- RECORDS SHOWN:

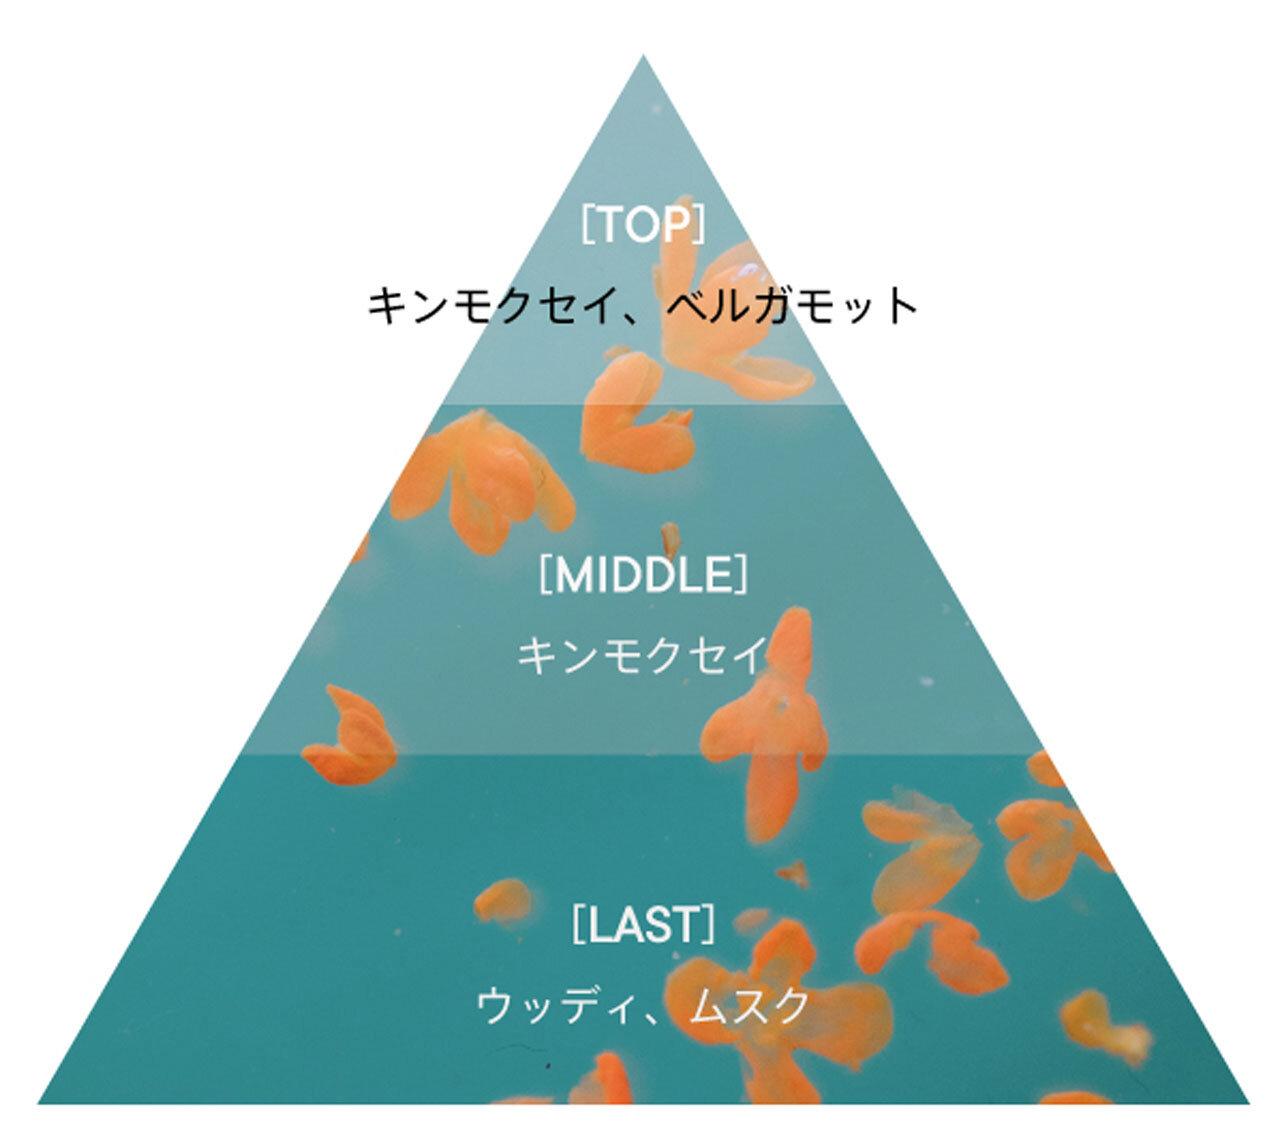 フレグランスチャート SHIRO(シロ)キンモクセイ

* * *

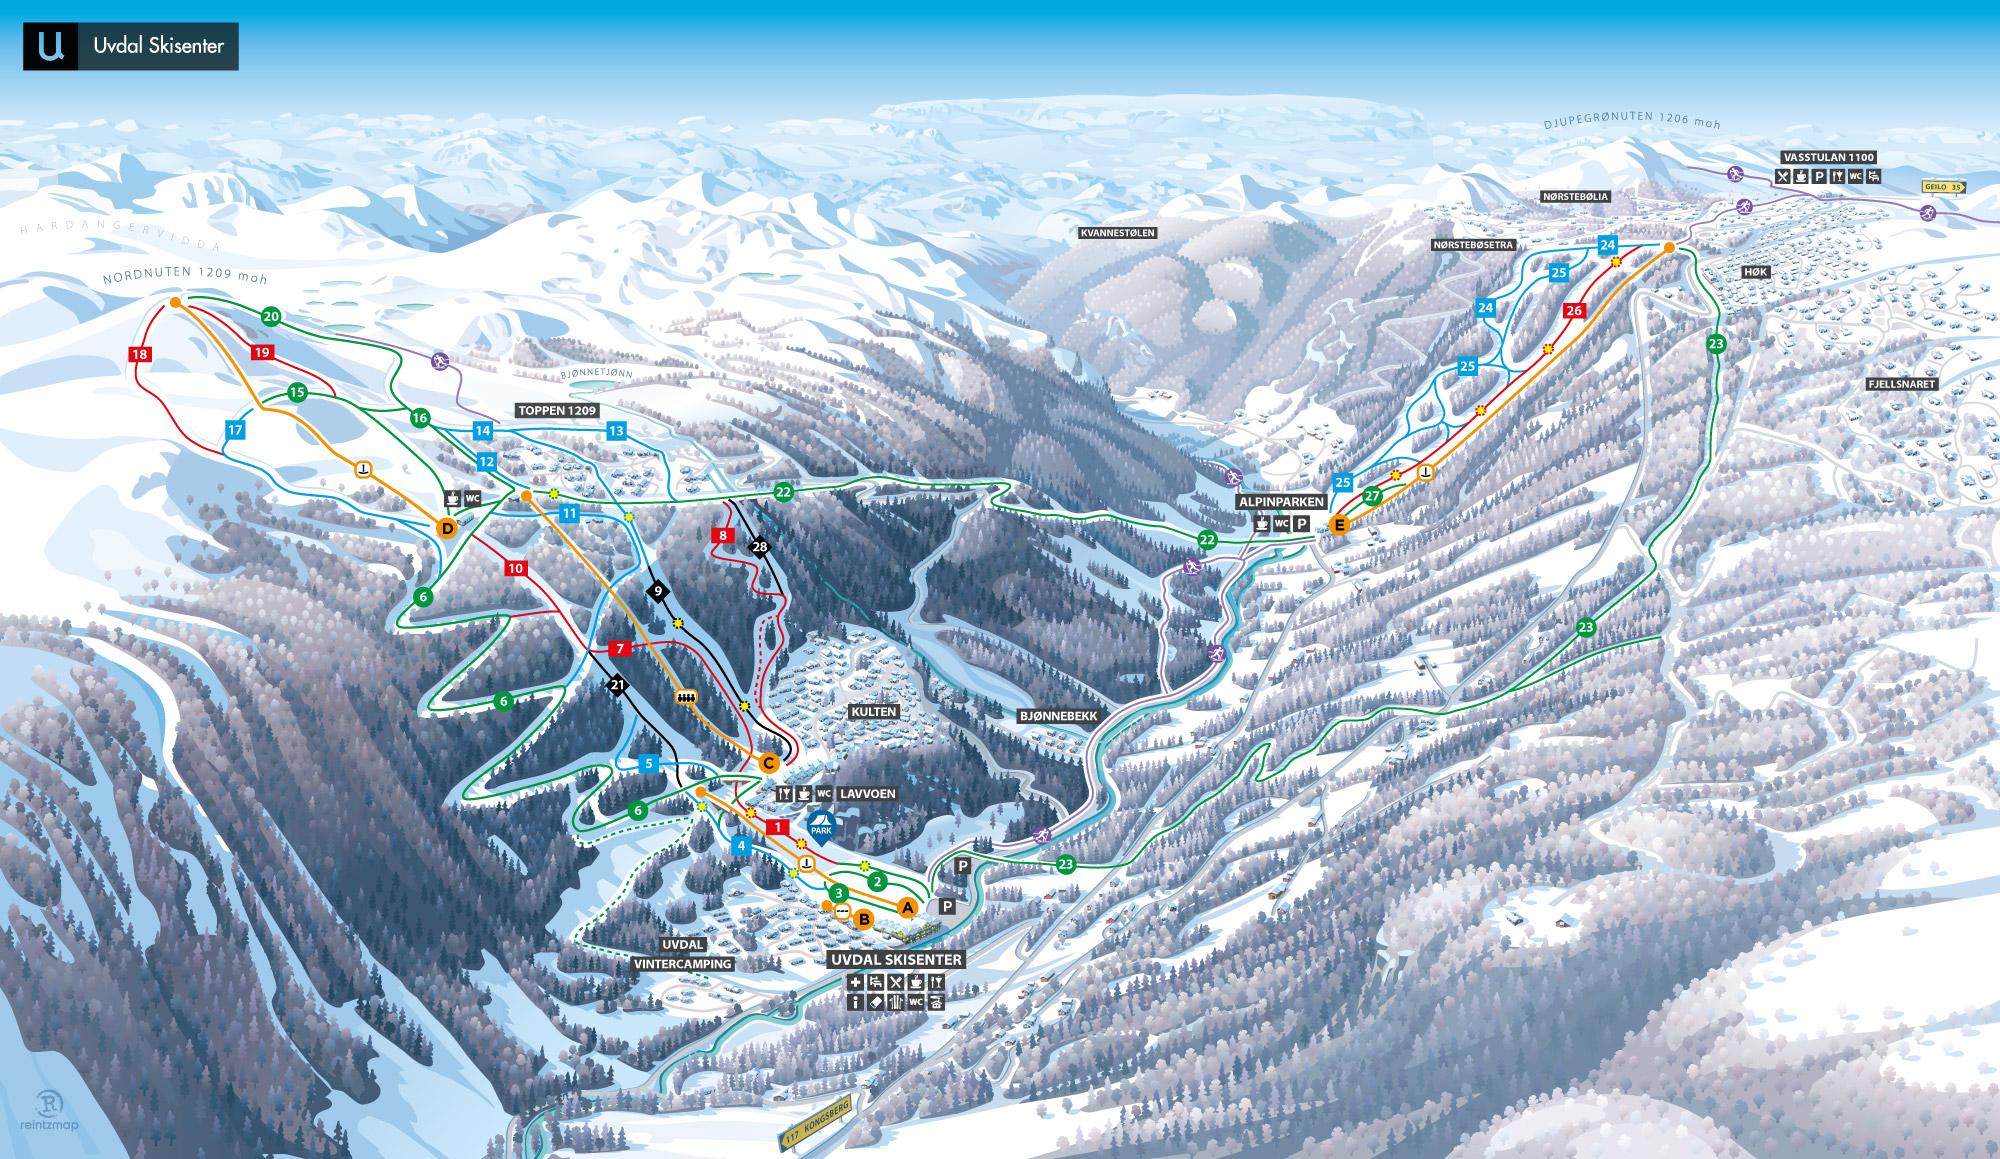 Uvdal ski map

* * *

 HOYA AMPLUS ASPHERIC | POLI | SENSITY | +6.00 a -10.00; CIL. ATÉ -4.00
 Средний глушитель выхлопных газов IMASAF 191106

- EXERCISE GOAL:
In the listing above, locate the line containing "HOYA AMPLUS ASPHERIC" and the line containing "Средний глушитель выхлопных", then transcribe both and every line between them verbatim.

- RESPONSE TO THE EXERCISE:
 HOYA AMPLUS ASPHERIC | POLI | SENSITY | +6.00 a -10.00; CIL. ATÉ -4.00
 Средний глушитель выхлопных газов IMASAF 191106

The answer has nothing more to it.